The heirs to the kingdom were born: a son, Jacob, and two years later another son, Benjamin.
The boys grew up in the elegant adobe house built by their great-grandfather. They played games on the cool dark tiles, dangled by their hands from the courtyard balconies, wrestled and fought like two tiger cubs, and learned to love every inch of the kingdom that would be theirs.
But in 1845 the Americans fought a war with Mexico. It didn't touch the Sarratts much at first, as far north as they were. But one result of the war was that Mexico ceded to the United States that great and lovely land the Americans designated as the New Mexico Territory. With a whisk of a pen, the Sarratts were living on American soil.

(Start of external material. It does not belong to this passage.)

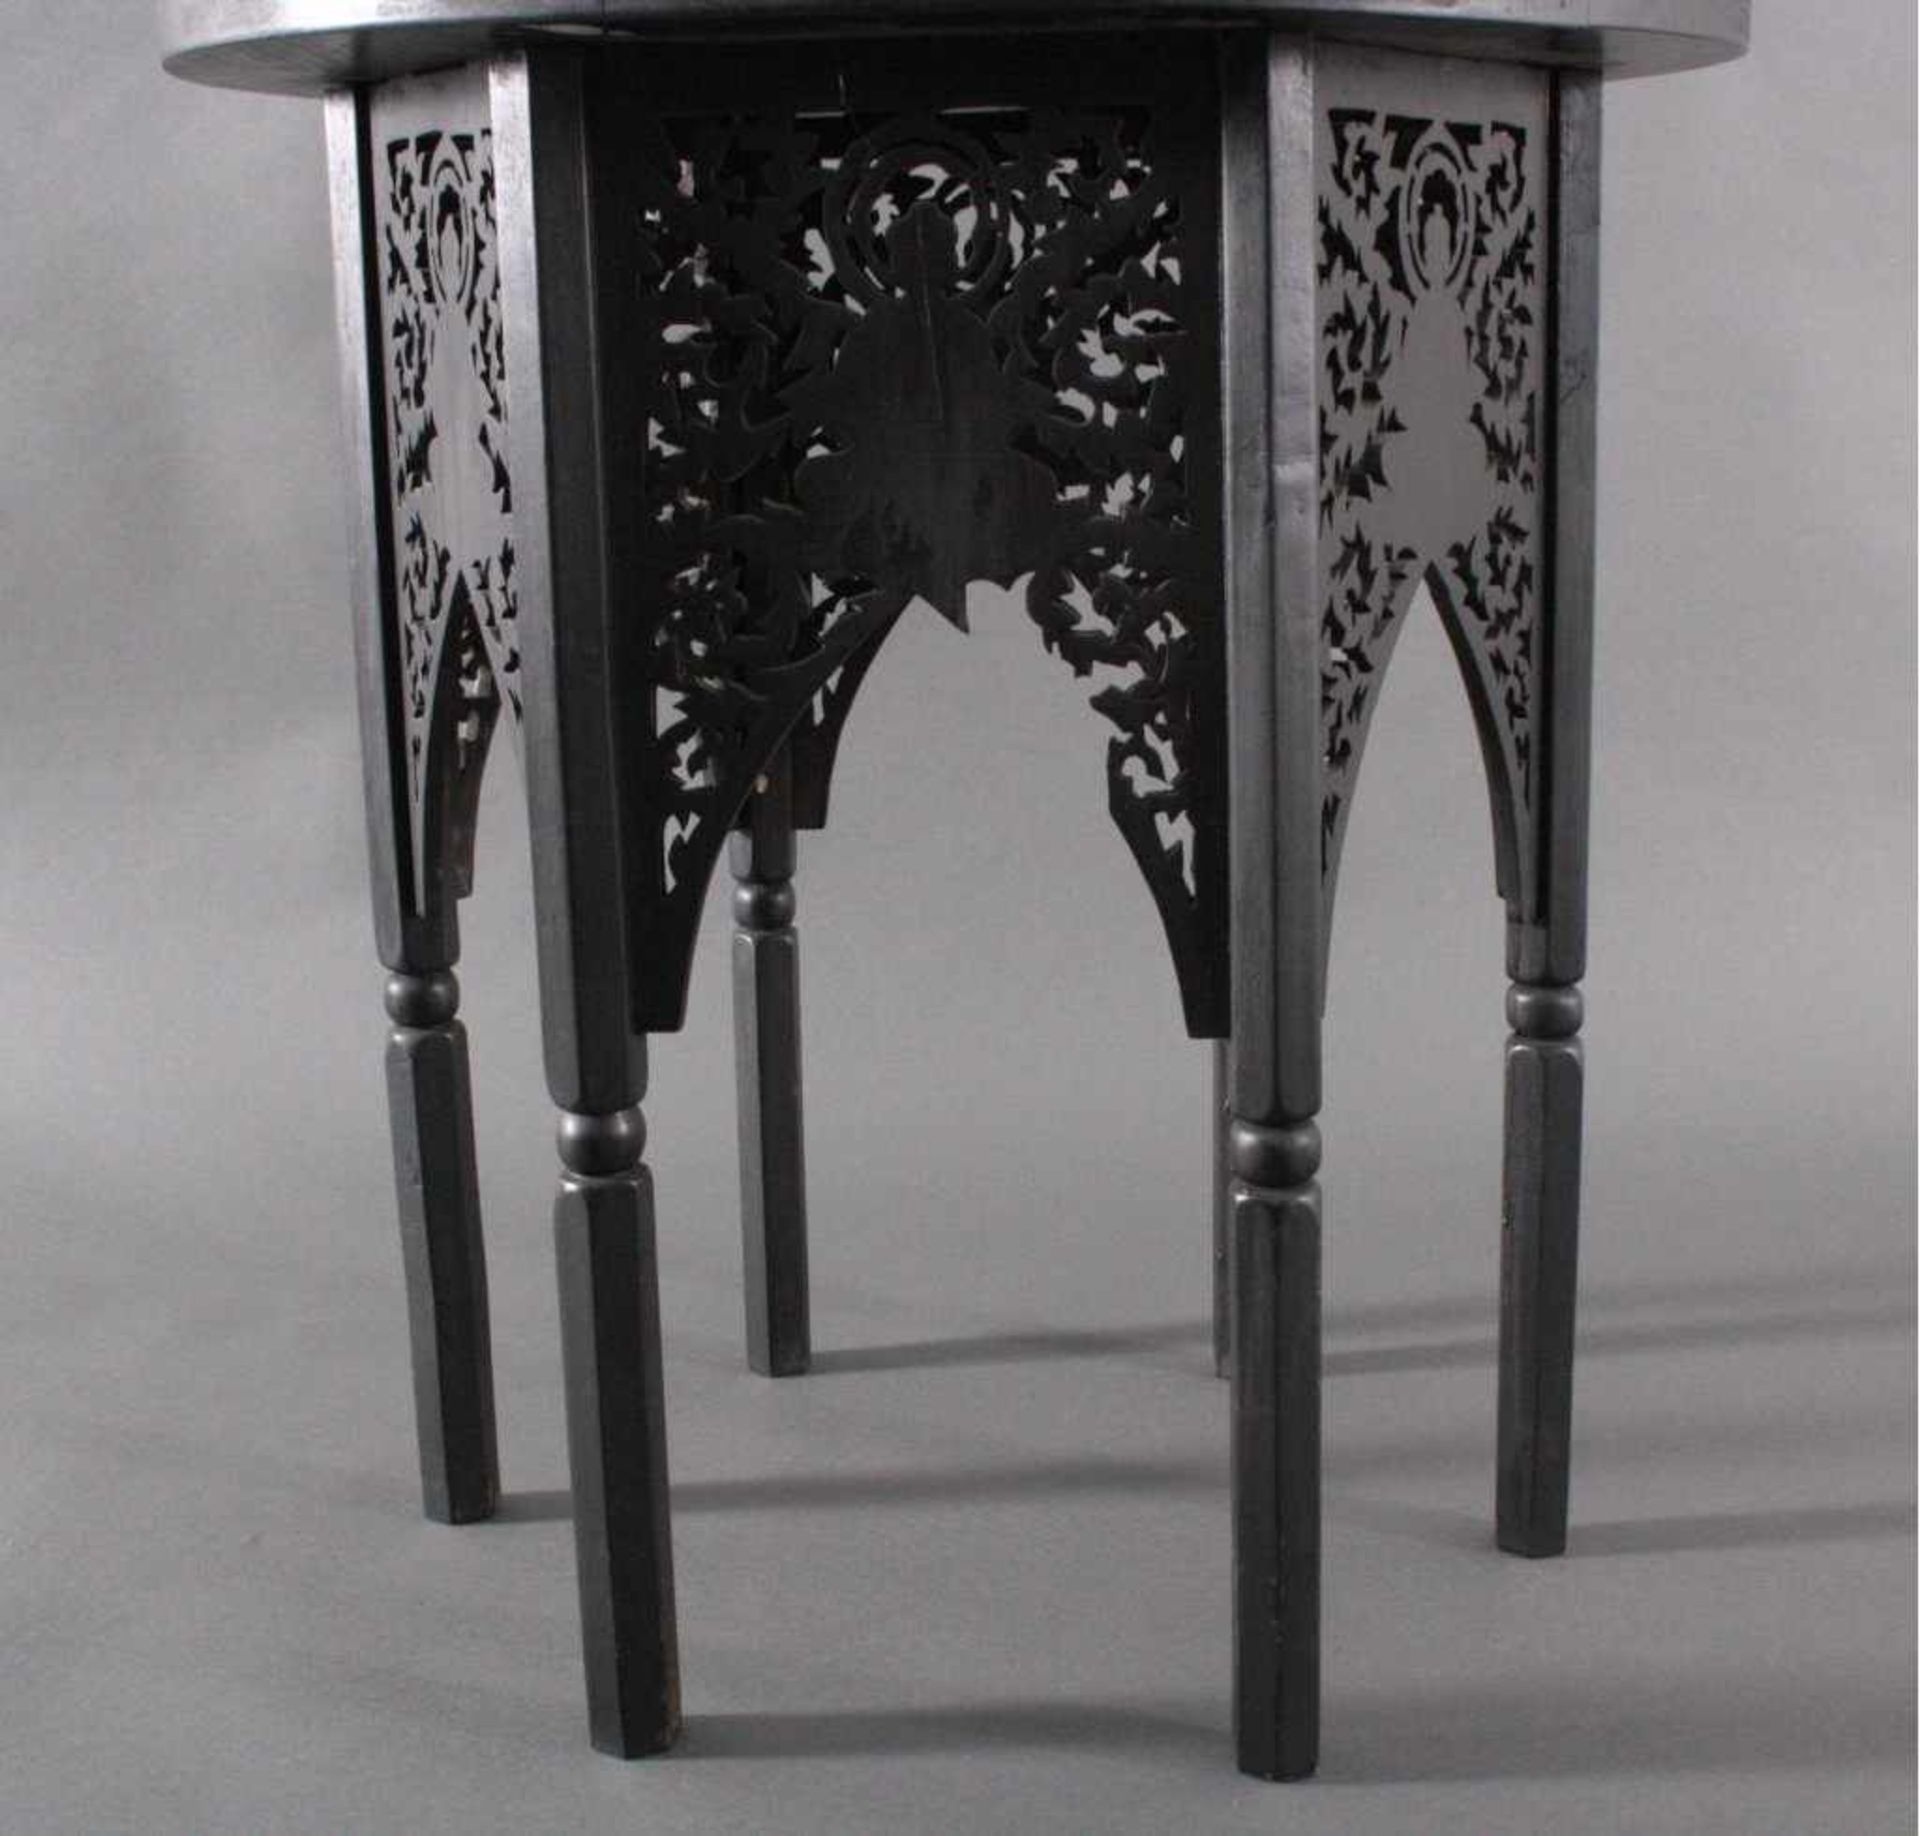 Kleiner Beistelltisch mit 2 Stühlen, ChinaMassiv, dunkles Holz, Runde Platte mitgeschnitztem - Bild 2 aus 3
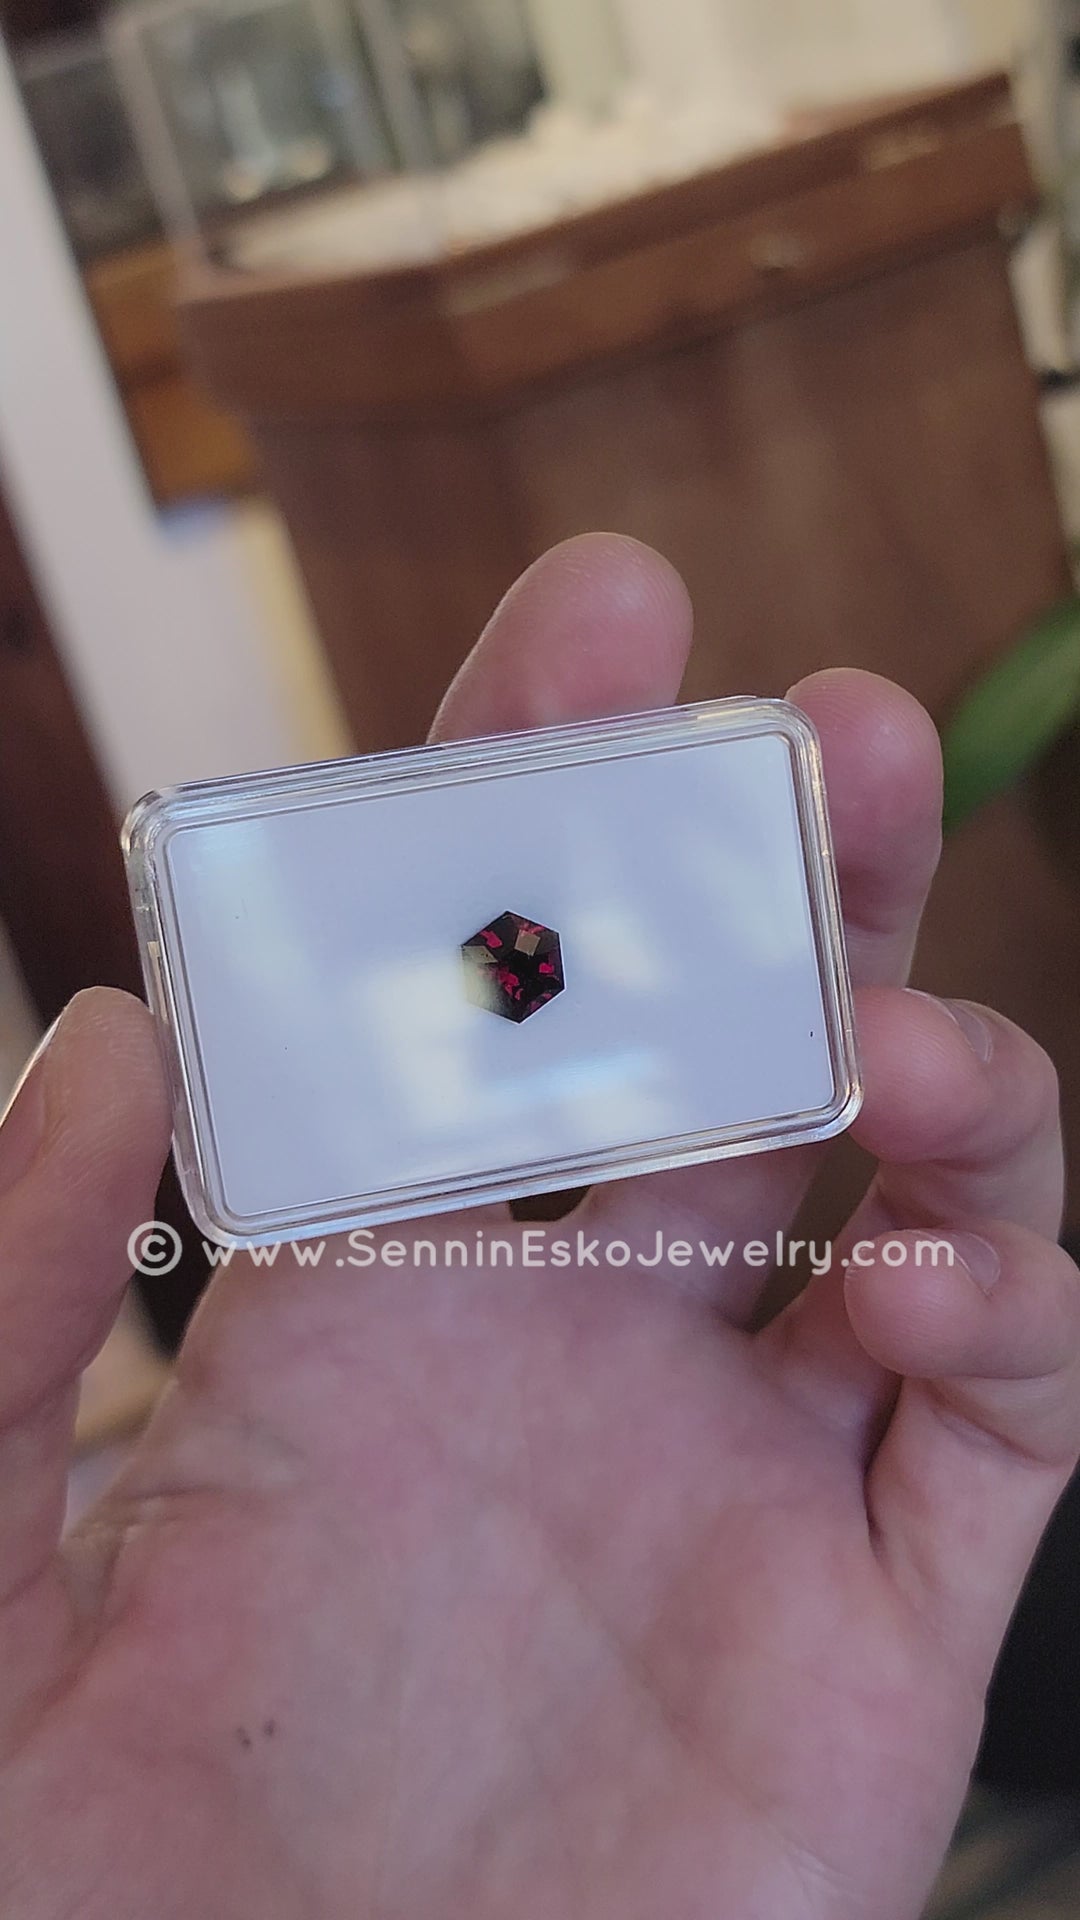 3.4 Carat Deep Red Garnet Hexagon - 9.3x8.1mm

The United States didn't recognize the laws and grants of the government it had replaced. The old Spanish landowners had been living on their granted land for a hundred years or more, but suddenly their homes were legally up for grabs. They could retain their land by filing on it, but most of them didn't know that. Duncan Sarratt, living in relative isolation in his huge valley kingdom, didn't know it. It didn't make much difference; anyone trying to take Sarratt's Kingdom away from him would have to fight to the death to do it.
* * *
The sound of gunfire woke the boy. He rolled from his bed and reached for his pants; the year was 1846, and at thirteen he had been doing a man's work on the ranch for the better part of two years. Whatever the trouble was, he didn't intend to hide from it under the bed like a kid.
He heard people running, and shouts echoed in the house as well as outside in the courtyard. He could hear his father's voice yelling orders. The boy stamped his feet into his boots and ran out into the hallway, tucking his nightshirt into his pants as he went. He collided with his younger brother, who had just bolted from his own room. He steadied the younger boy, who asked, “What's wrong?”
“I don't know.” He started down the hall with his brother at his heels.
They heard an explosion of gunfire downstairs, inside the house. There was a moment's silence, and then more shots followed, thundering, echoing through the high-ceilinged rooms. The boys automatically ducked to the side.